Fig. 5. Examples of the mutual information as the function of q, the parameter for temporal precision.
a. HVC, b. Area X. In each plot, the black line with circles indicates the information from the original (actual) data, and the red line with squares indicates the information from the shuffled data (see Materials and Methods). The mean and standard deviation (SD) of the shuffled data were estimated from 20 randomly shuffled data points. The error bar corresponds to ±2SD. The information from the original data reached its maximum (Hmax) at q=qmax. The information from the spike count corresponds to the information at q=0 (Hcount).
Results
We analyzed “BOS selective” neurons that showed significant selectivity to the BOS over the revBOS (Margoliash 1983; Margoliash and Fortune 1992). Selectivity was quantified with the d-prime measure for the two stimuli (Solis and Doupe 1997; Theunissen and Doupe 1998), and cells with a d-prime value larger than 0.5 were defined as BOS selective. Among the recorded neurons, 52 of 54 HVC neurons from 11 birds and 30 of 47 Area X neurons from 3 birds satisfied this criterion. We did not identify the cell types of neurons, but the majority of the cells showed tonic activity during the BOS presentation and thus were putatively classified as interneurons (Hahnloser et al. 2002; Rauske et al. 2003).

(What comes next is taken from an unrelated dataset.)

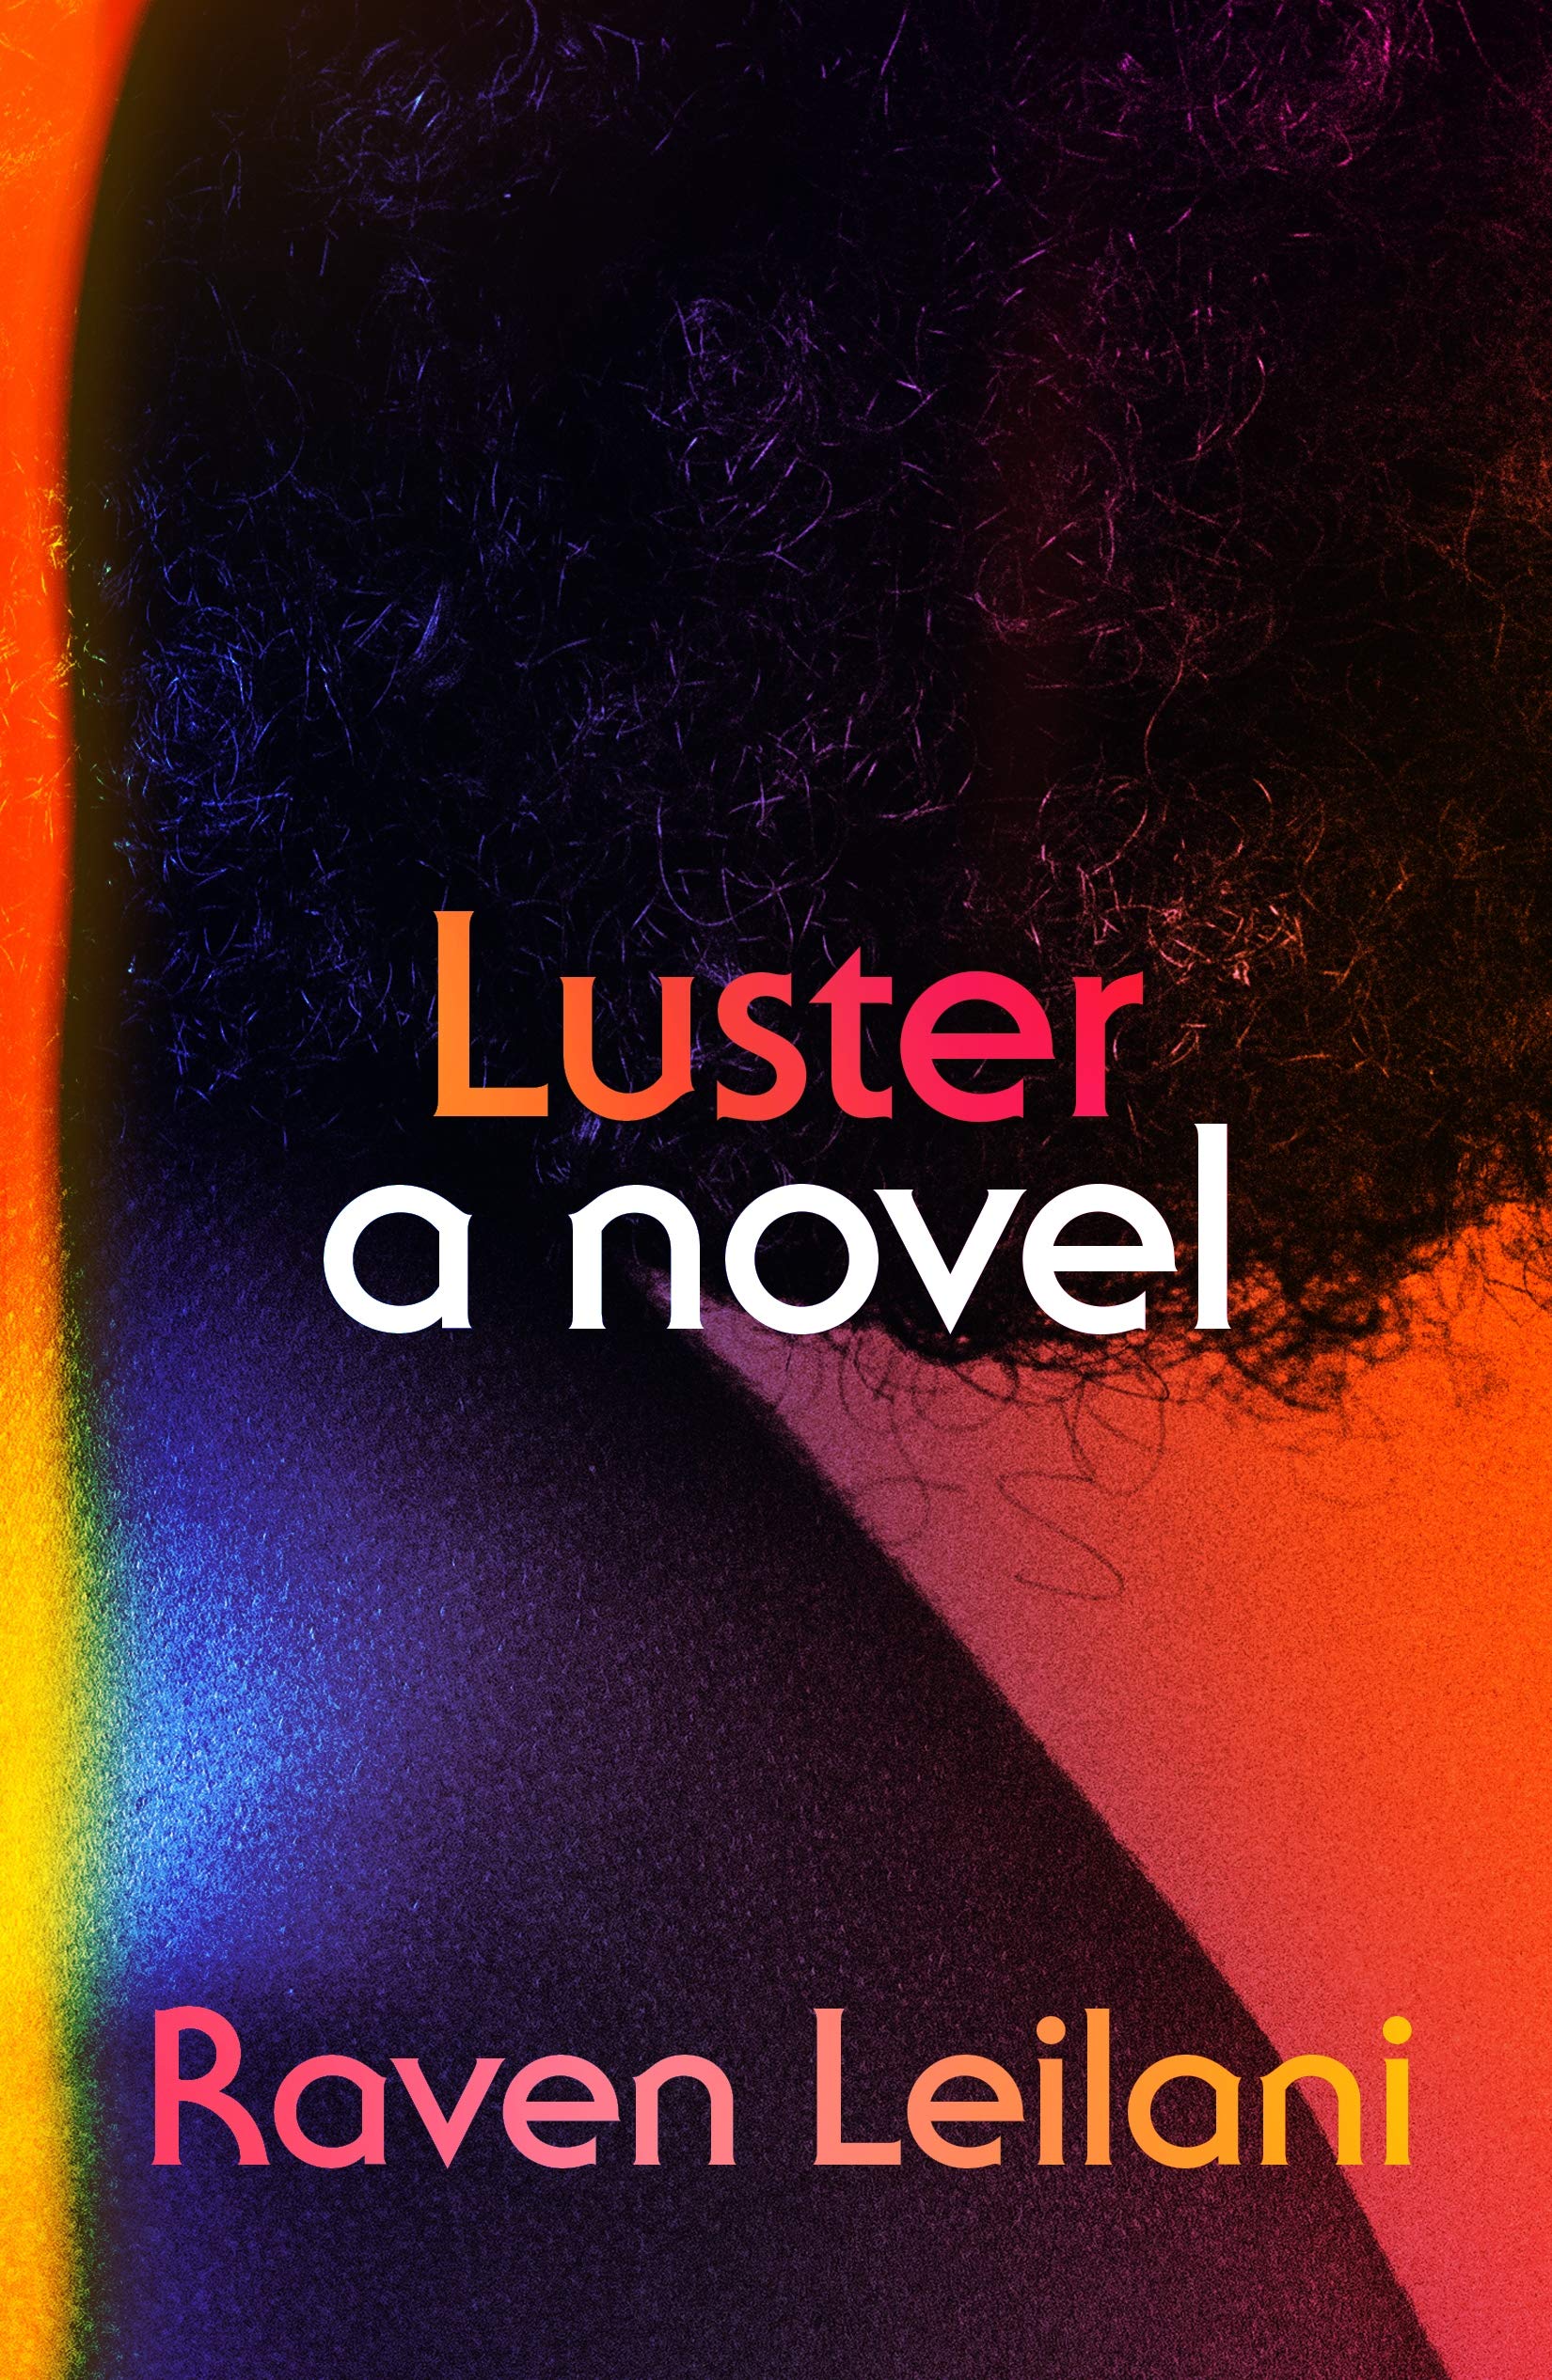 Luster (2021, Pan Macmillan)

The firing patterns of HVC neurons were qualitatively very different from those of Area X neurons (Doupe 1997; Rauske et al. 2003). In response to the BOS, most HVC neurons exhibited phasic peaks of excitation over a low rate of spontaneous firing (4.3 ± 6.1 spikes/s), whereas Area X neurons exhibited small peaks of excitation or suppression against a background of very high spontaneous firing (51.9 ± 20.7 spikes/s). This high spontaneous firing rate suggests that recorded neurons are putative globus pallidus-like (GPi) neurons (Woolley et al. 2014). HVC neurons tended to show similar patterns of excitation to sequential motifs of songs whereas Area X neurons tended to show much broader and more generalized patterns of activation throughout the songs (Fig. 2a and b, left panels).

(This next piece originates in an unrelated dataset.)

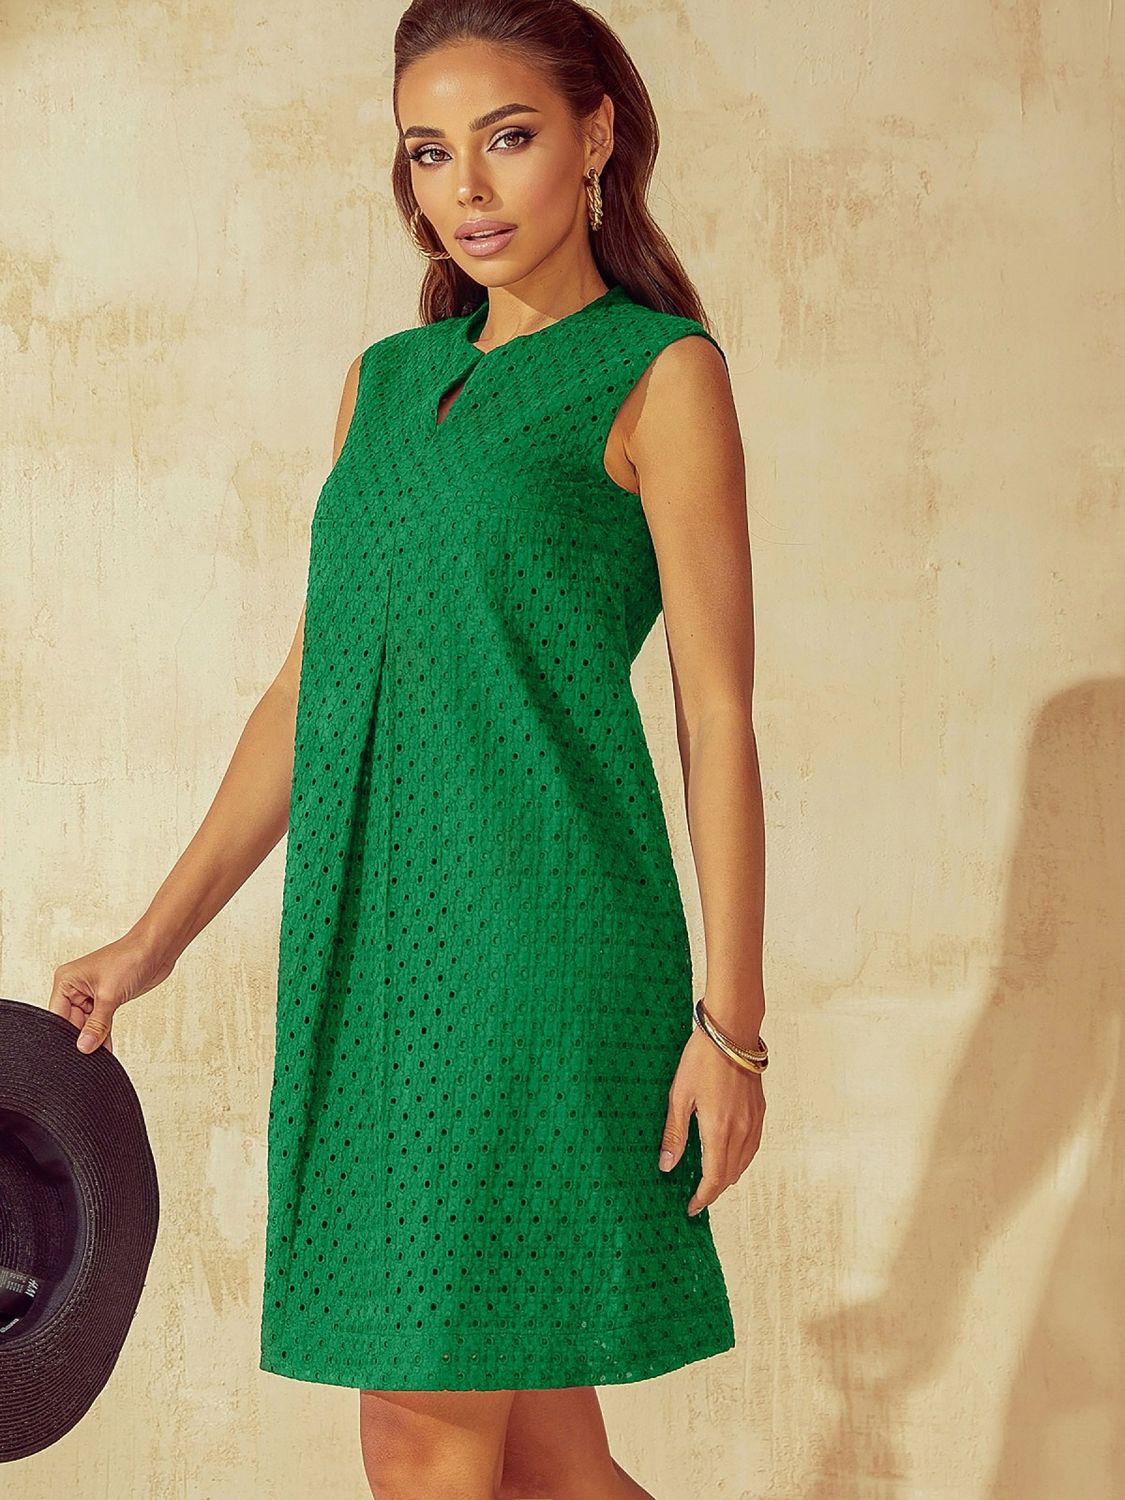 Літня сукня трапеція з прошви зеленого кольору - фото

Fig. 2. Examples of single cell responses to the BOS and LBOS80 in HVC (a) and Area X (b).
Each panel shows (from the top to the bottom) the sound waveform, spectrogram, peristimulus histogram (PSTH), and raster plot of the spike trains. The HVC and Area X neurons have low and high spontaneous firing rates, respectively, and the HVC responses are more phasic than those of Area X neurons. The response profiles to the LBOS are similar to the BOS, especially for HVC neurons.
Mean firing rate differences between the BOS and LBOS stimulus, and across HVC and Area X
We first analyzed differences in the mean firing rate (FR) during the entire stimulus presentation period and compared responses to the BOS with the responses to the two types of LBOS for each cell (Fig. 3). The majority of cells (54% – 70% depending on the nucleus and comparison) showed no significant difference between the BOS and LBOS stimuli (Table 1). Thus, the majority of HVC and Area X cells did not alter their FRs based on the relative power of low and high frequencies in the BOS stimuli.

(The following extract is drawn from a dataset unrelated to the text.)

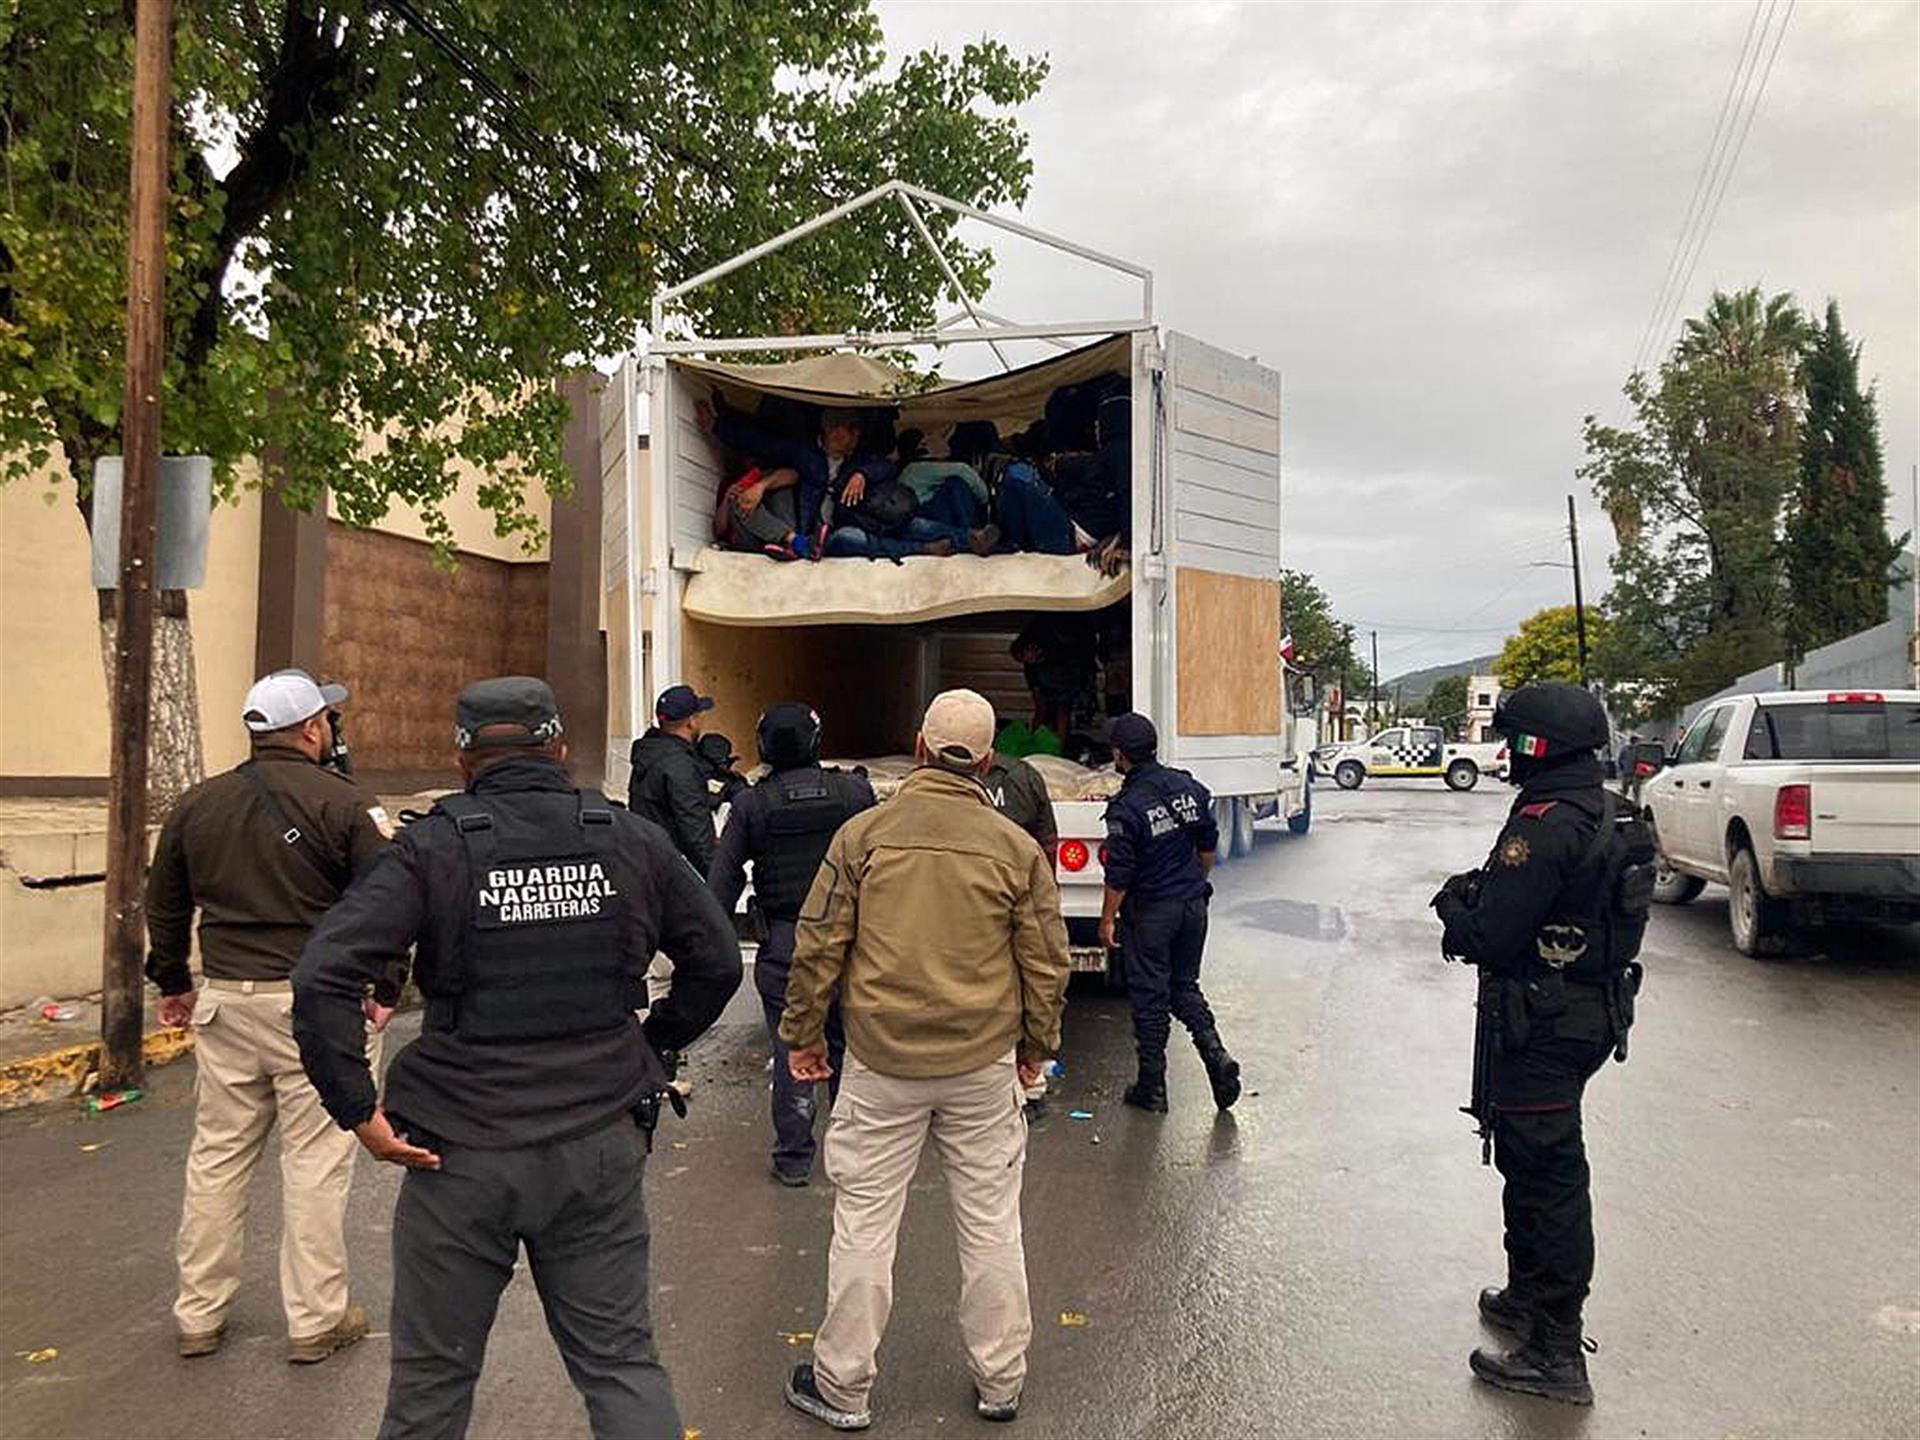 Fotografía cedida hoy, por la Guardia Nacional (GN), donde se observa a migrantes rescatados del interior de un camión en Monterrey, Nuevo León (México). EFE/Guardia Nacional/SOLO USO EDITORIAL/SOLO DISPONIBLE PARA ILUSTRAR LA NOTICIA QUE ACOMPAÑA (CRÉDITO OBLIGATORIO) MEJOR CALIDAD POSIBLE

Fig. 3. Mean firing rates during presentation of the LBOS (FRLBOS ) and BOS (FRBOS).
For each point, the baseline firing rate of the cell was subtracted. The X-axis shows the response to the LBOS, and the Y-axis shows the response to the BOS. Red dots indicate cells with significantly higher FRs in response to the BOS than the LBOS, and black dots indicate cells with higher FR response to the LBOS than the BOS (one-sided t-test, p < 0.025). Blue circles indicate cells that did not show any significant difference in FR for the LBOS and BOS. Left: BOS vs. LBOSA80, Right: BOS vs. LBOSA160. a. HVC neurons (n = 52), b. Area X neurons (n = 30).
Table 1.
Summary of pair wise comparisons of mean firing rates during presentation of the LBOS and BOS.
| Nucleus (total) |
Type of comparison |
Higher FR for LBOS |
Higher FR for BOS |
No significant difference |
|---|---|---|---|---|
|
HVC
(n=52) |
BOS vs. LBOSA80 | 17% (9 cells) | 23% (12 cells) | 60% (31 cells) |
| BOS vs. LBOSA160 | 17% (9 cells) | 29% (15 cells) | 54% (28 cells) | |
|
Area X
(n=30) |
BOS vs. LBOSA80 | 30% (9 cells) | 0% (0 cells) | 70% (21 cells) |
| BOS vs. LBOSA160 | 30% (9 cells) | 7% (2 cells) | 63% (19 cells) |
For each cell, a one-tailed t-test was used to compare the FRs evoked by the LBOS and BOS. The significance level for the p-value is 0.025.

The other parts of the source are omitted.